TGF-β is a major pro-fibrogenic cytokine whose expression is up-regulated in both animal renal fibrosis models and human counterparts. Experiments have indicated that the transition of renal tubular epithelial cells to myofibroblasts which synthesize excessive amounts of extracellular matrix thus leading to renal fibrosis is modulated by TGF-β through TGF-β/Smad cell signal pathway. Smad2/3 is phosphorylated stimulated by activated TGF-β receptors. And then turns complexes with Smad 4 which translocate from the cytoplasm into the nucleus regulating the target genes expression. Smad7 as the opposed manner to Smad2/3 can down-regulate TGF-β signaling.

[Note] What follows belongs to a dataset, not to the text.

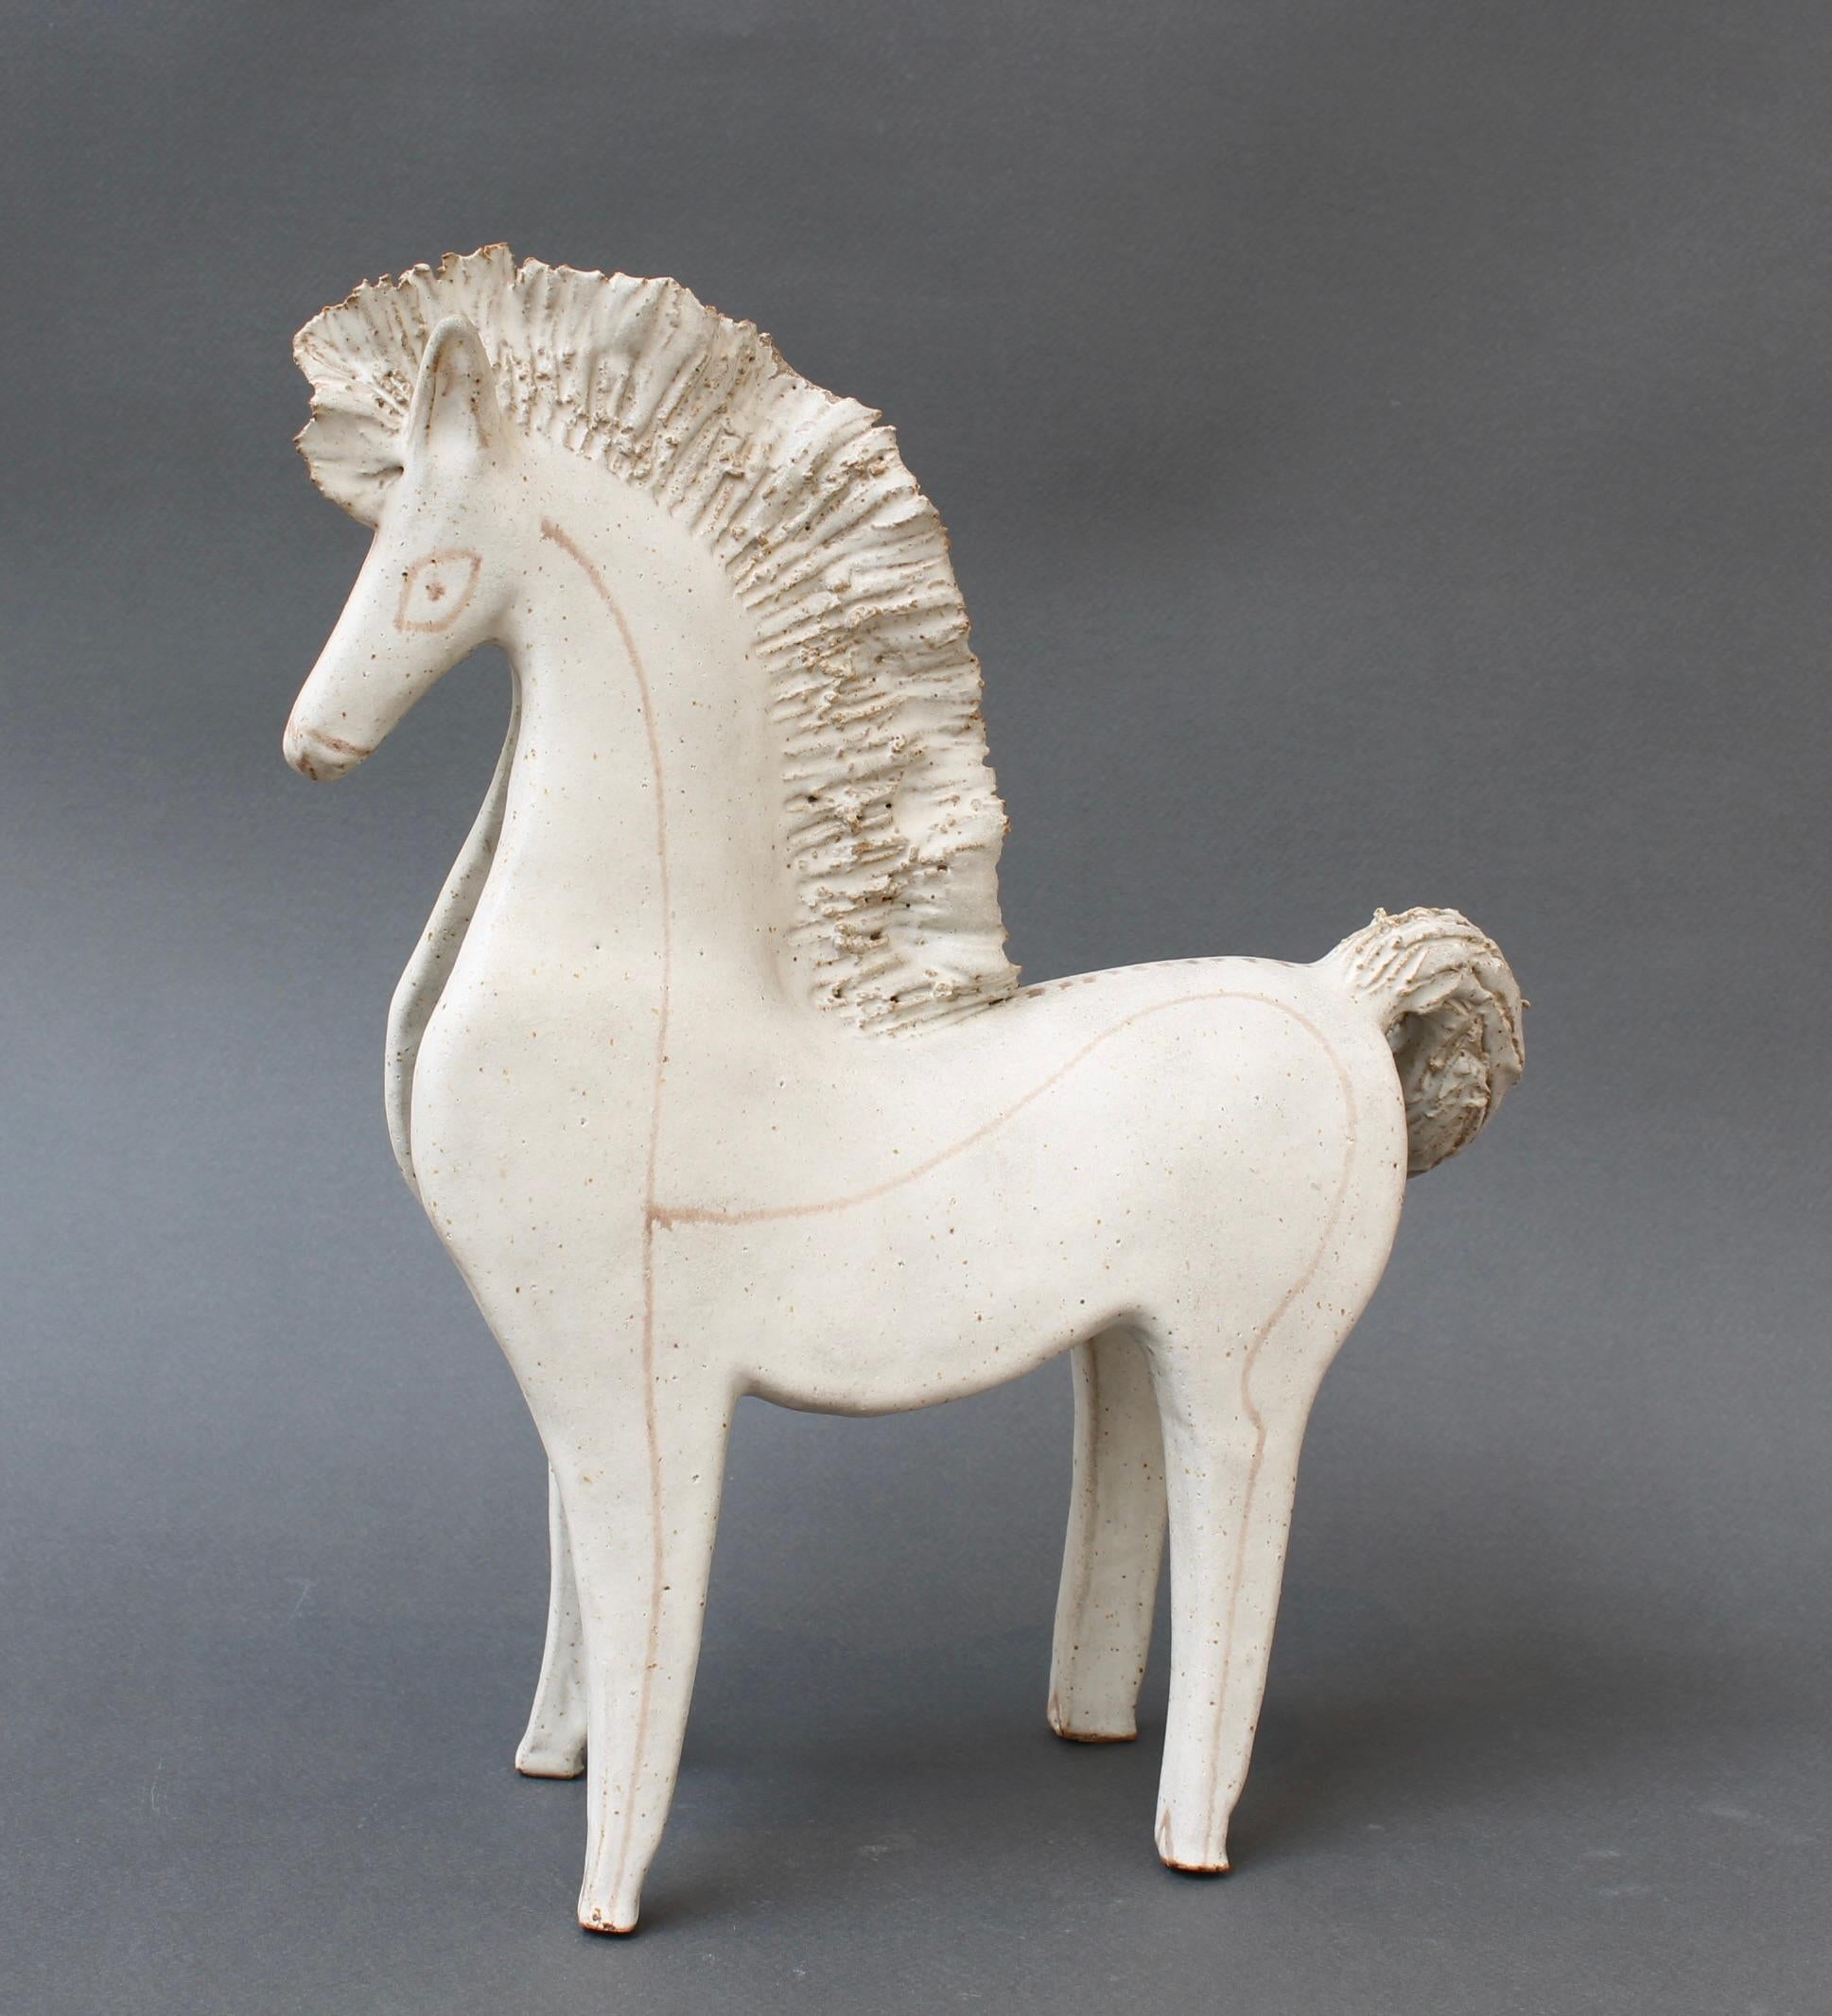 Cheval en céramique vintage de Bruno Gambone, (vers les années 1970). Un charmant cheval de parade en céramique de grande taille, à la crinière et à la queue soignées, recouvert de la glaçure blanche crayeuse caractéristique de Gambone. Des lignes

Many clinical experiences have showed that Chinese herbal compound prescription can protect patients’ kidneys from DKD injury with various and complex mechanisms. In our study, we also found that DMP-1 had protective effects on DKD in rats induced by STZ-injection, which was demonstrated as following criteria: 1) a significant reduction in levels of urea (p < 0.05), BUN (p < 0.05), UCr (p < 0.05), β2-MG (p < 0.05) and mALB (p < 0.05) in rats treated by DMP-1 compared with STZ group; 2) an apparent increment levels of NOS (p < 0.05), CAT (p < 0.05) and T-AOC (p < 0.05), while reduction in level of MDA (p < 0.05) in DMP-1 groups compared with STZ group; 3) a significant inhibition of TGF-β and Smad2/3 overexpression in kidney tissue. And DMP-1 could increase Smad7 expression as well; 4) rats in DMP-1 medium dose group whose dosage were equal to the clinical dose had the best kidney protected effect among the three DMP-1 groups.

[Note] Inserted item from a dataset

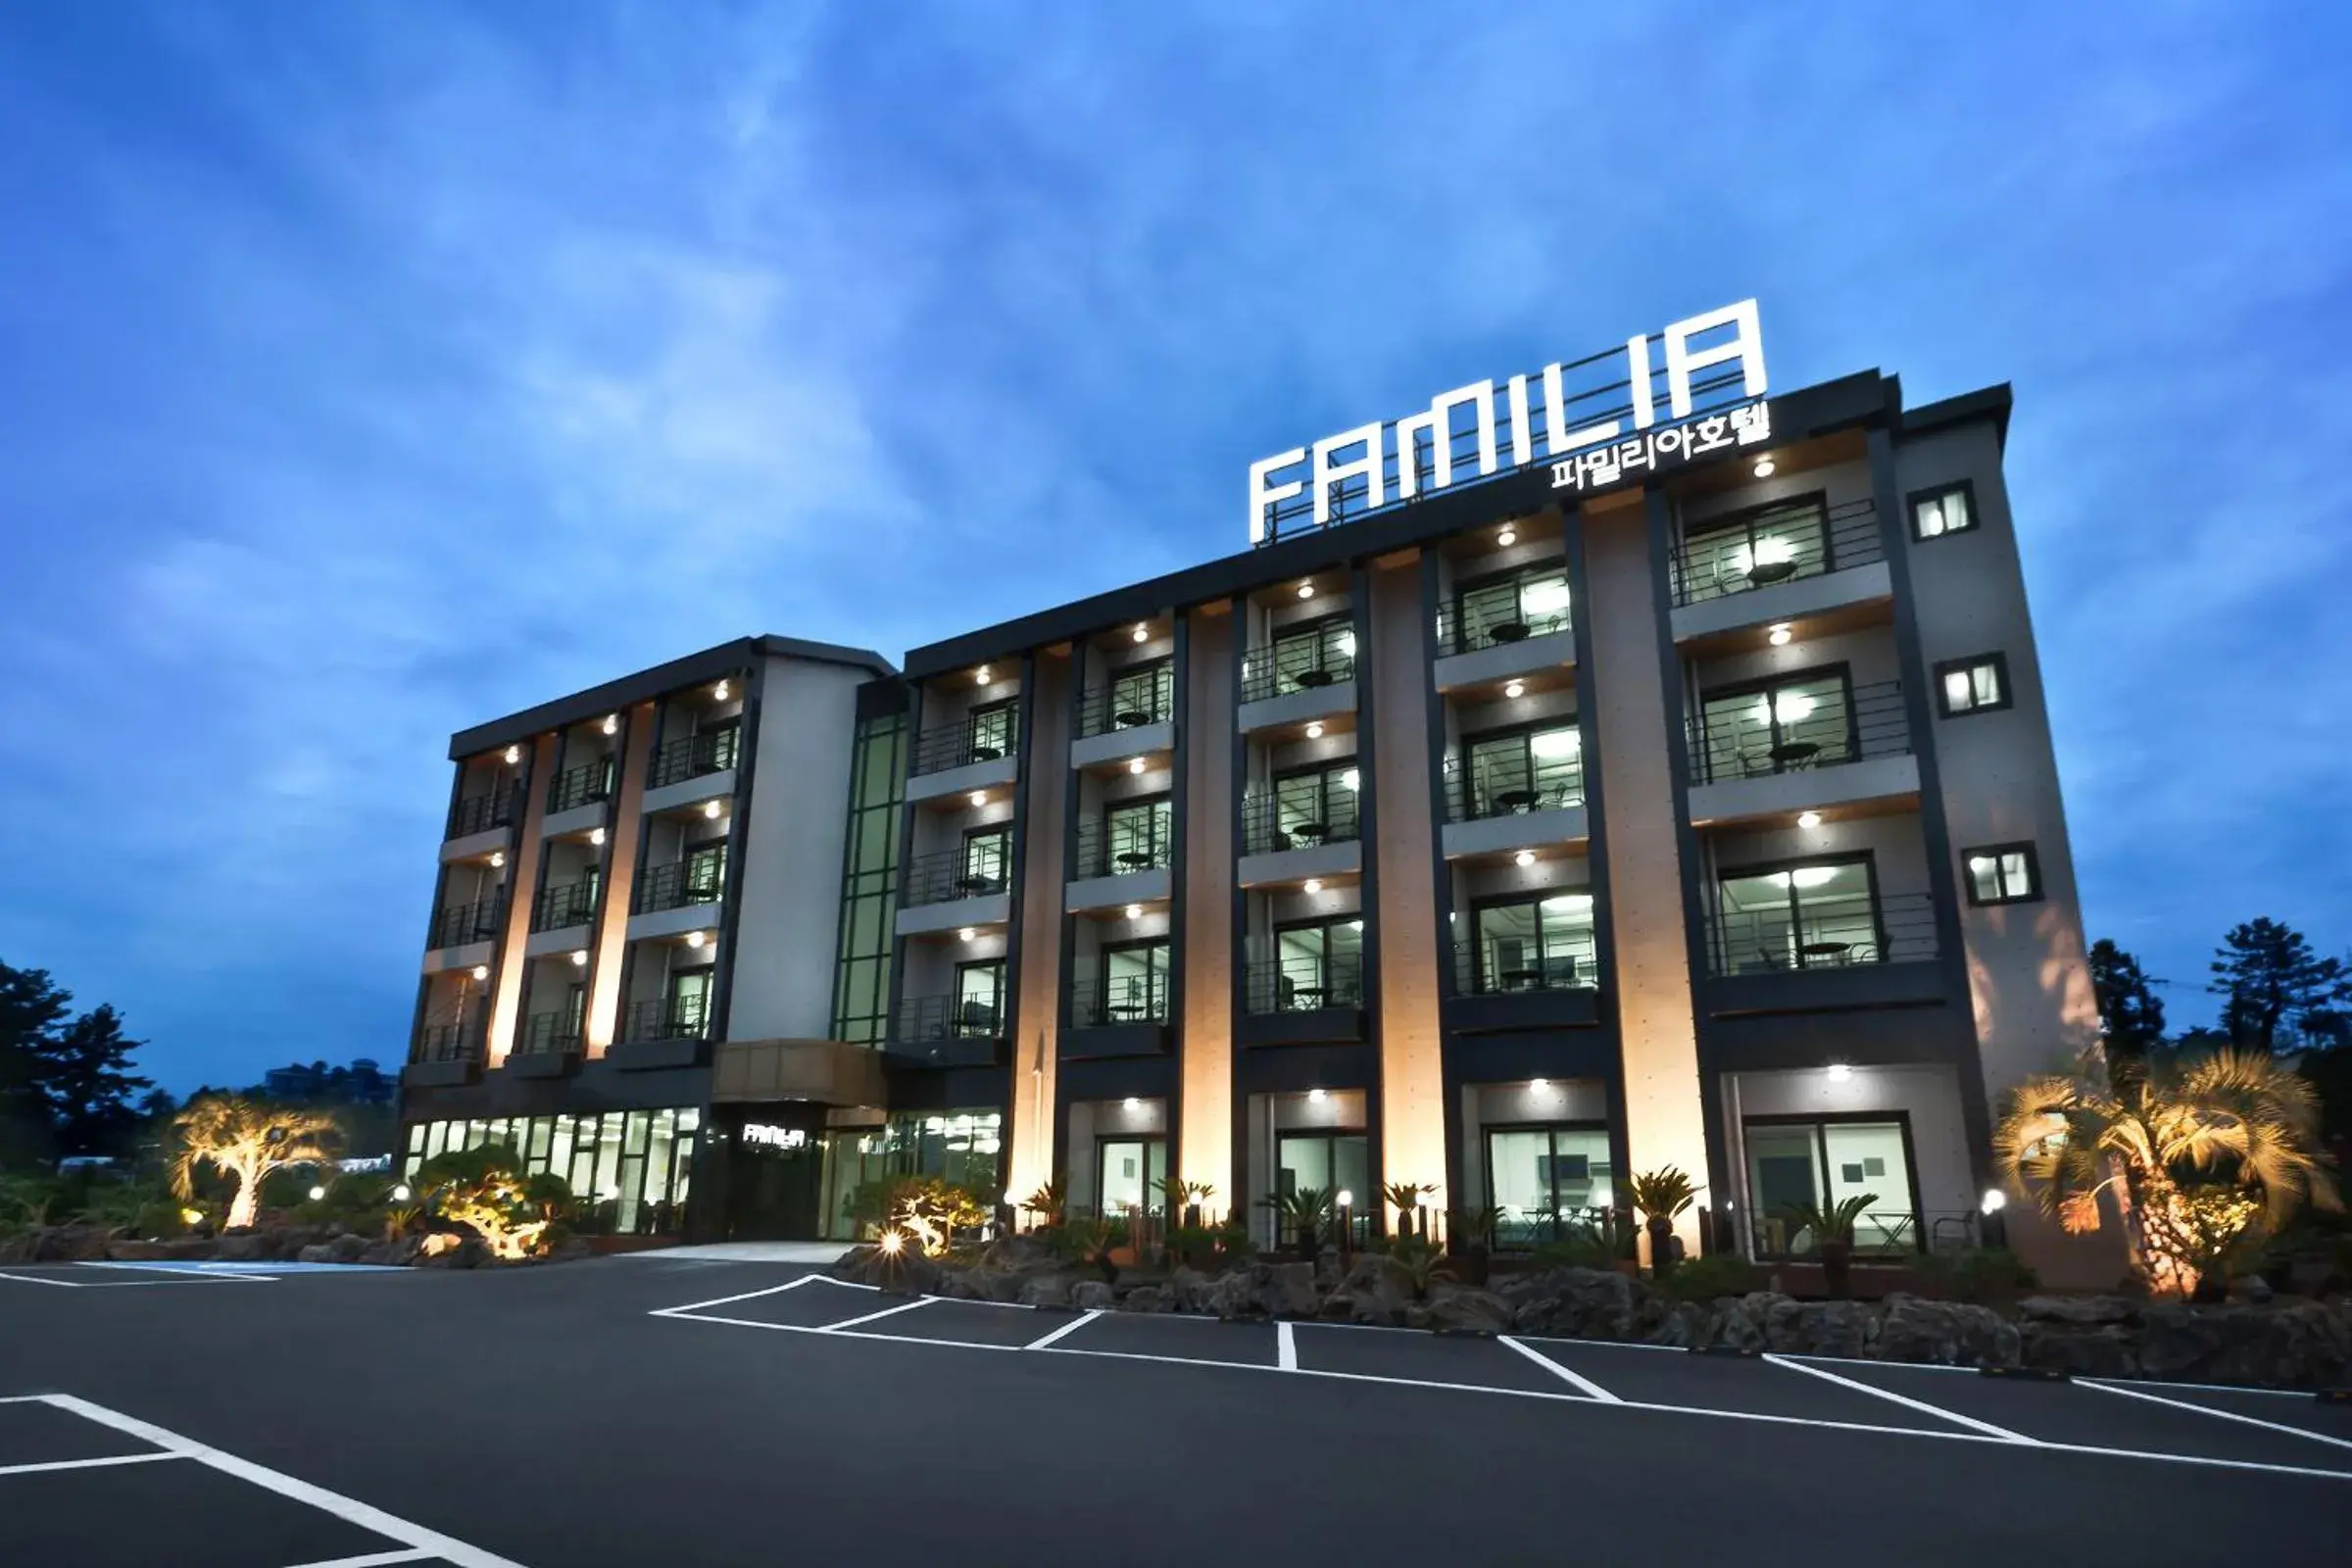 Facade/entrance, Property Building in Familia Hotel Jeju

DMP-1 composed of six natural Chinese herbals has many advantages of various biological activities and low toxicity. Many DM patients can get some benefits by using it such as a more stabilized blood glucose homeostasis and lower complication incidence. However its potential kidney protection from DKD injury has not taken into account which will limit its clinical usage for shortage of studies and experiment data. The specific mechanisms of DMP-1 on anti-DKD may expand its application. The other therapeutic mechanisms, long-term effects of DMP-1 on DKD and determination of active ingredients will inspire us to do further research.

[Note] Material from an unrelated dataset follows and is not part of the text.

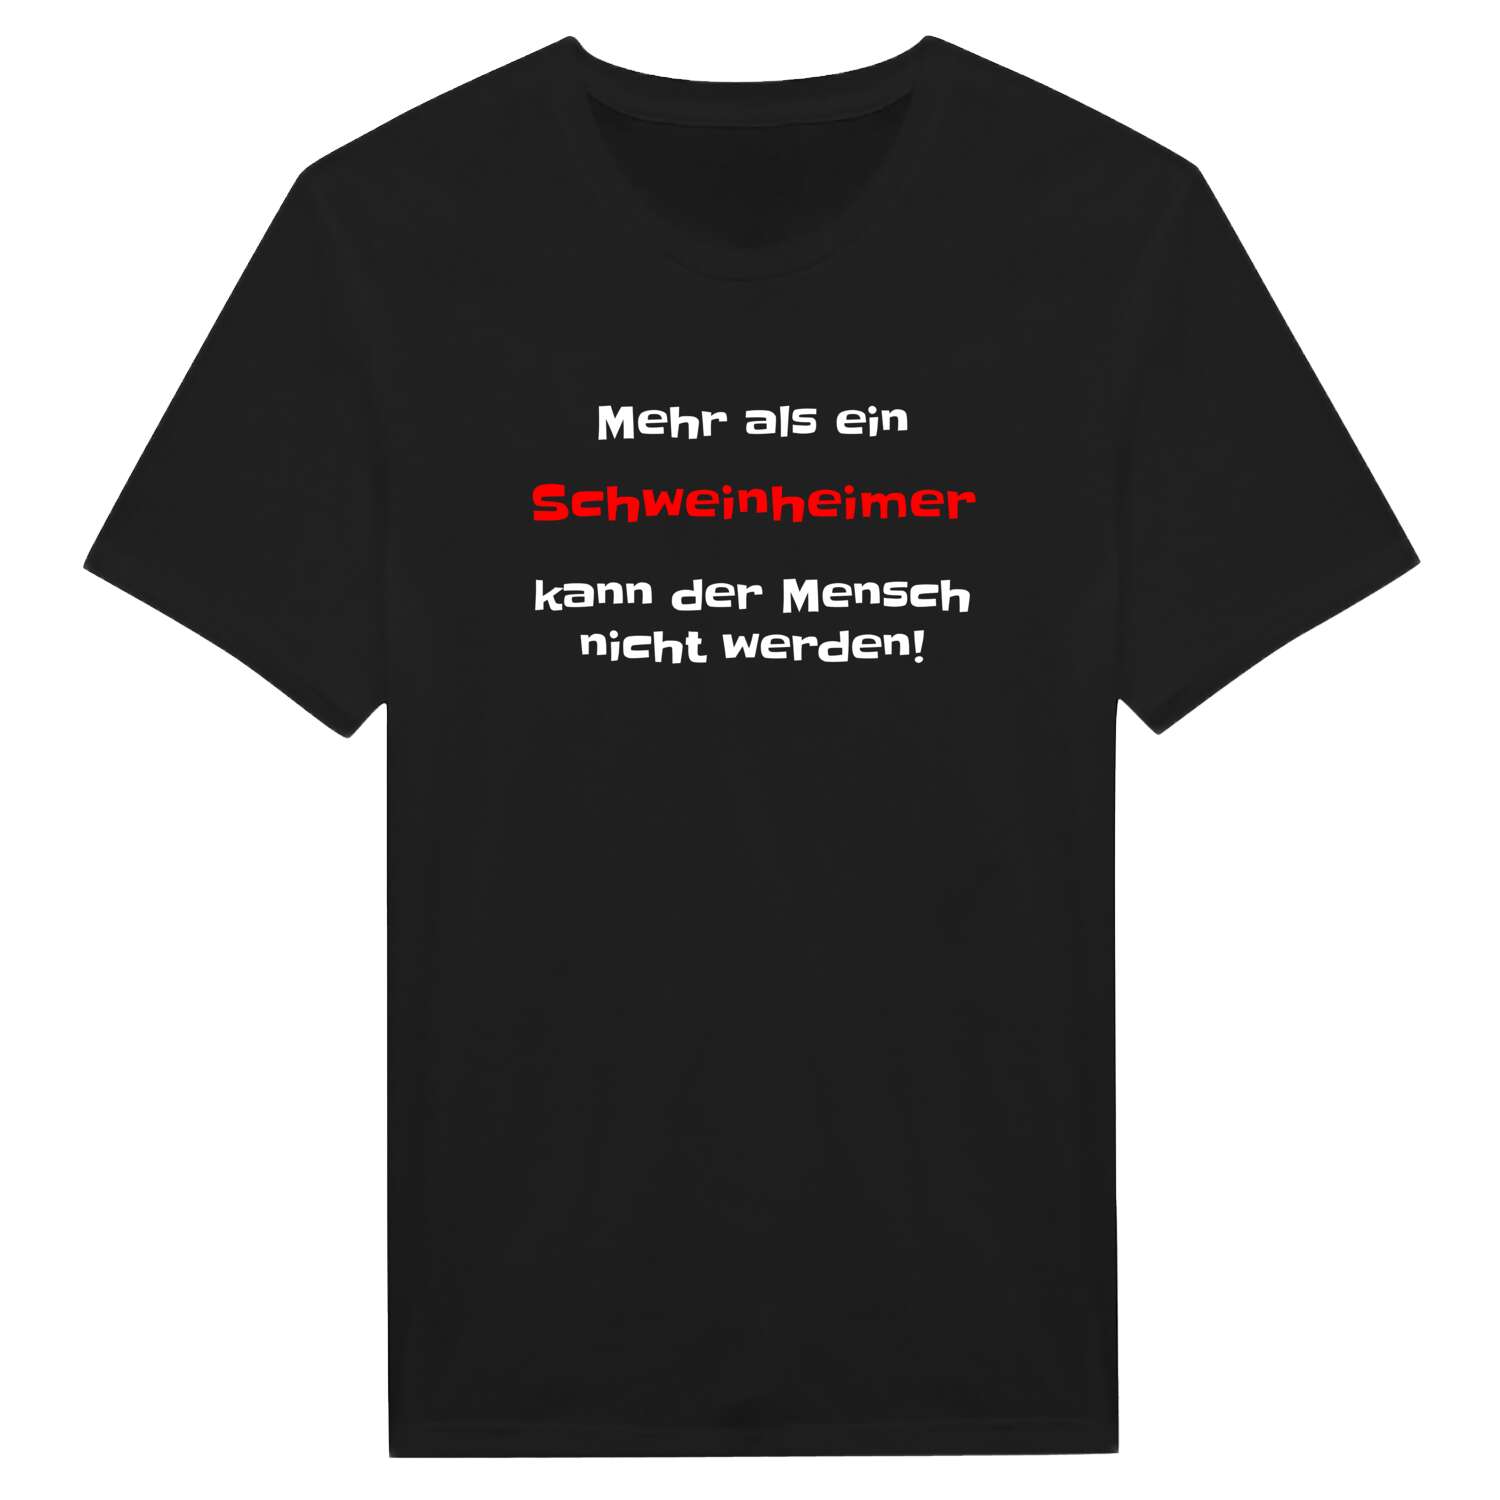 Schweinheim T-Shirt »Mehr als ein«

In conclusion, our findings provide direct evidence for the positive protection of DMP-1 on DKD induced by STZ in rats. We conclude that the DMP-1 can attenuate oxidative stress and inhibit TGF-β activation in DKD. The positive protection offered by DMP-1 medium dose (1.0 g/kg/day) is more effective than DMP-1 low dose or high dose. Therefore, our studies provide both a theoretical basis and laboratory evidence for the DMP-1 application as supplement treatment of patients with DKD. However, more investigations are required to study its mechanism in depth and justify the active constituents which worked on decrease oxidative stress and inhibition TGF-β/Smad cell signal pathway.